__DATA SECTION__:
^^^^
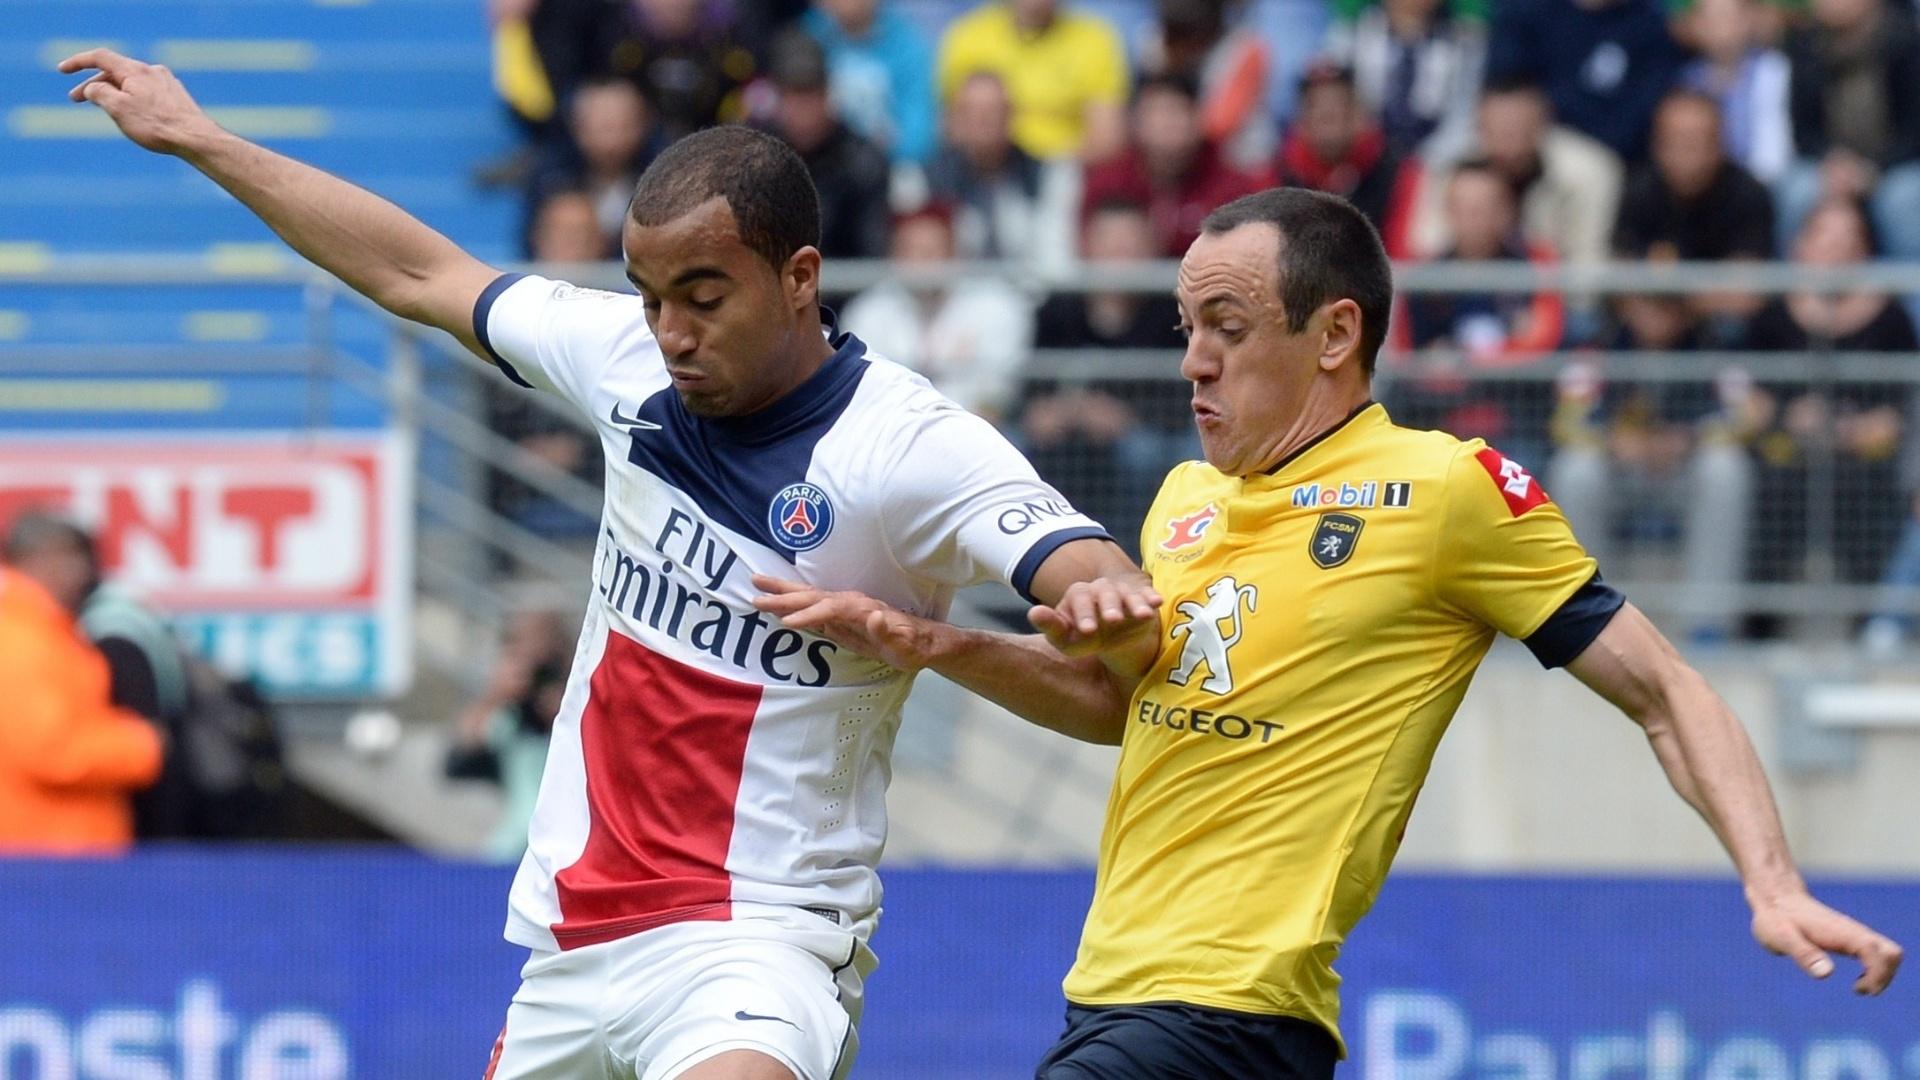 27.abr.2013 - Lucas tenta a jogada individual na partida entre PSG e Sochaux
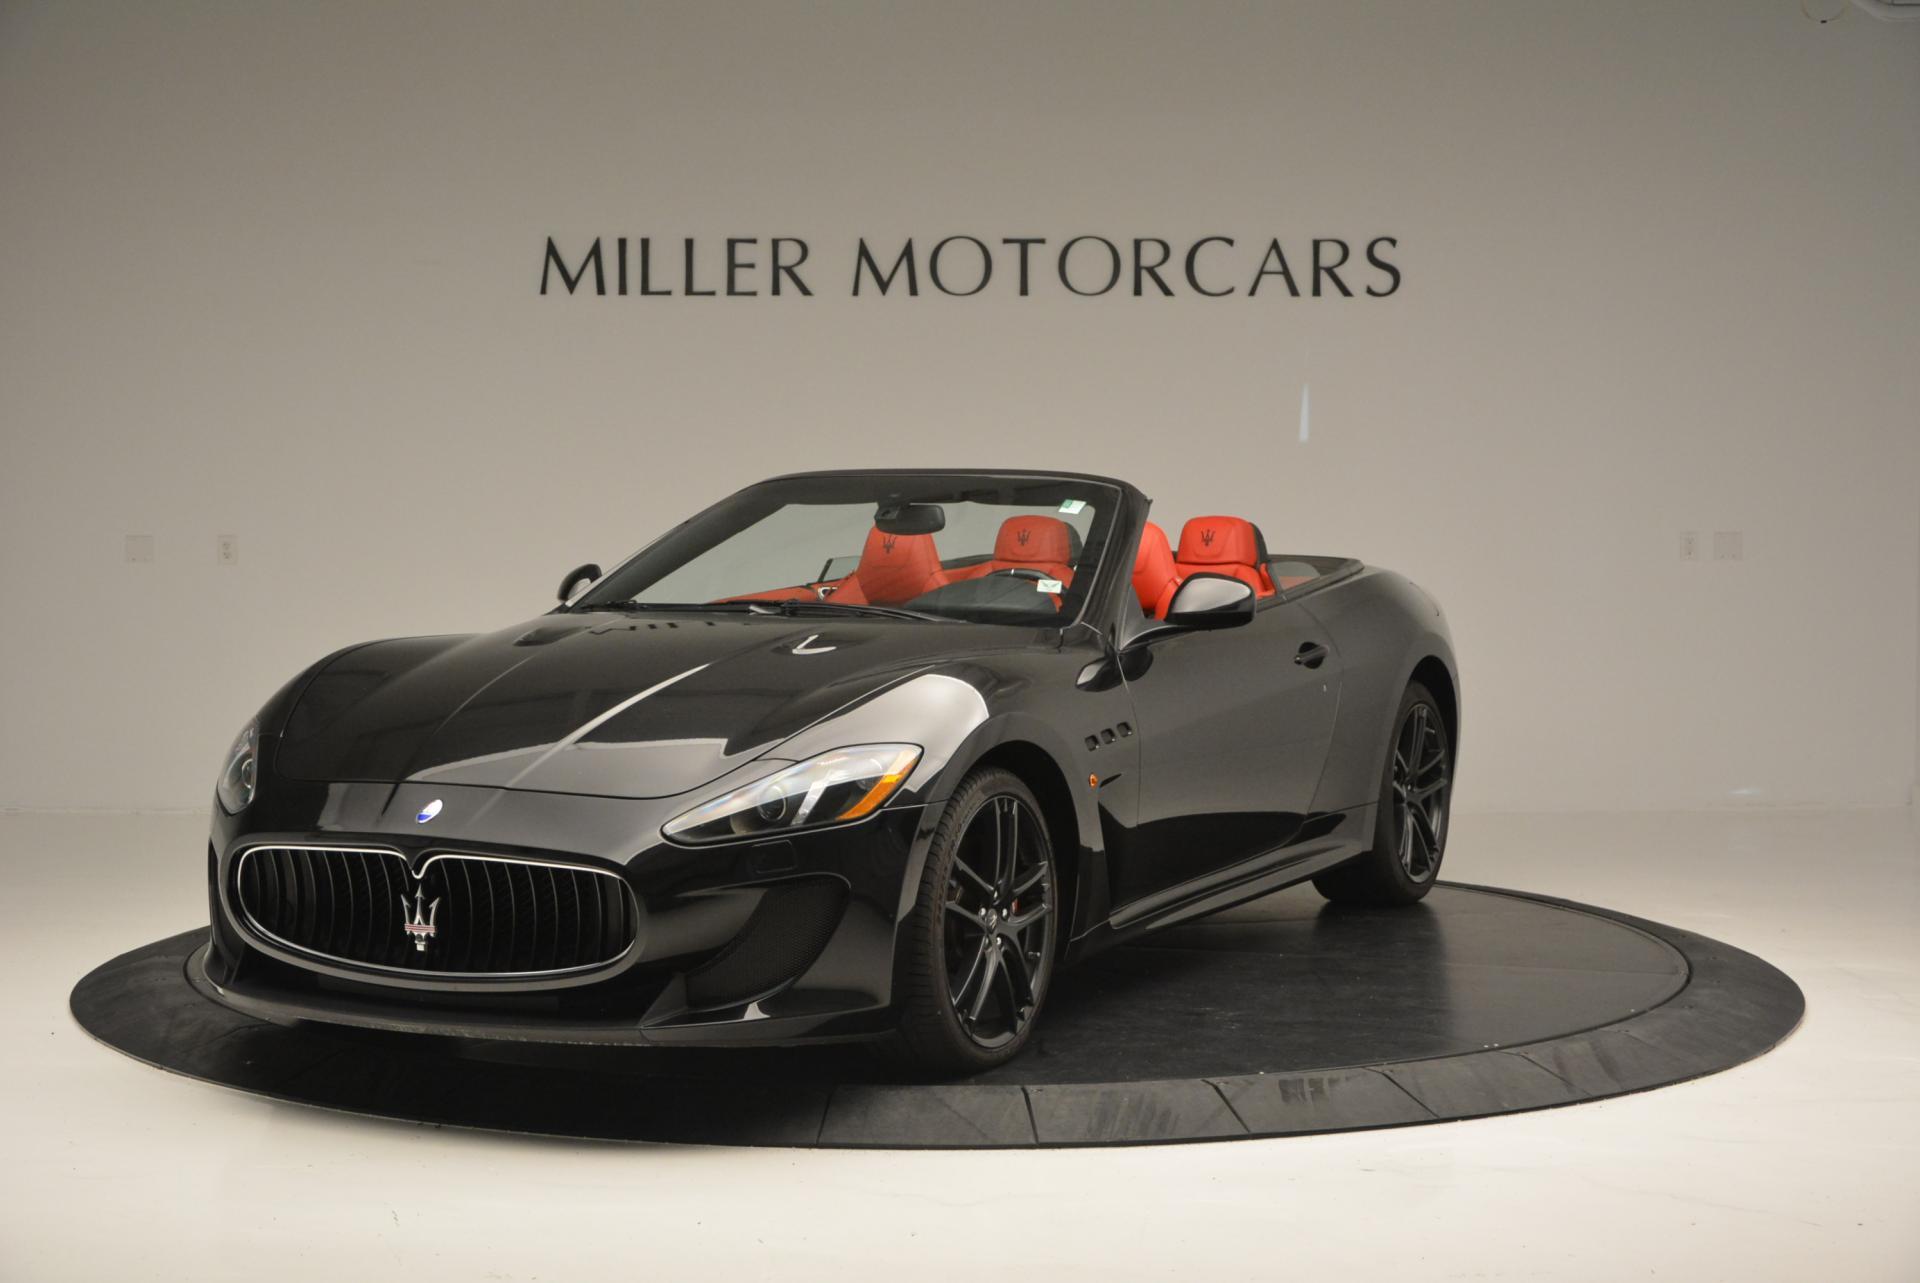 Used 2013 Maserati GranTurismo MC for sale Sold at Pagani of Greenwich in Greenwich CT 06830 1
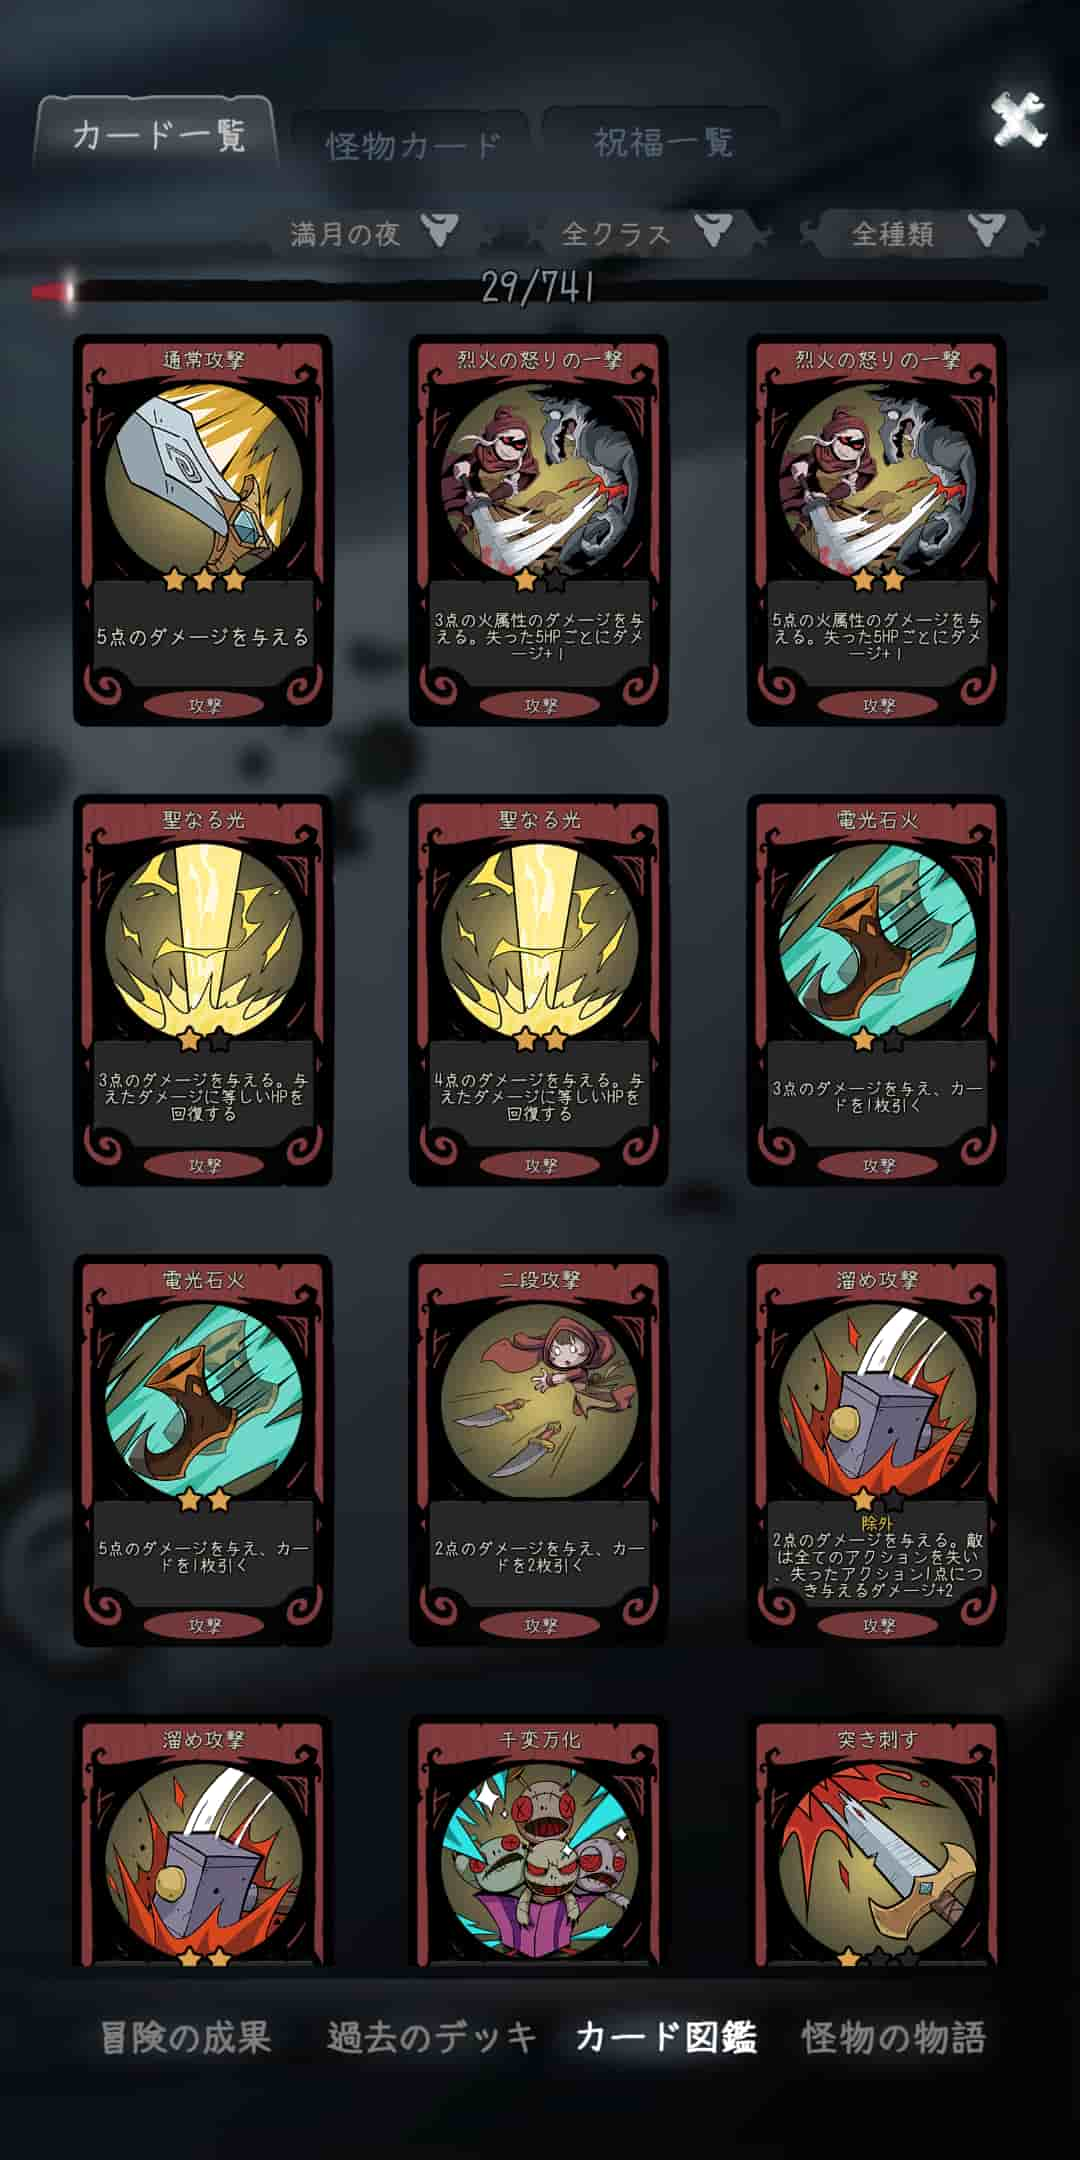 満月の夜、カードの種類は400枚以上
^^^^
__YOUR GOAL__:
Please repeat each line above exactly as it appears, but omit the pictures.

__RESULT OF THE EXERCISE__:
 27.abr.2013 - Lucas tenta a jogada individual na partida entre PSG e Sochaux
 Used 2013 Maserati GranTurismo MC for sale Sold at Pagani of Greenwich in Greenwich CT 06830 1
 満月の夜、カードの種類は400枚以上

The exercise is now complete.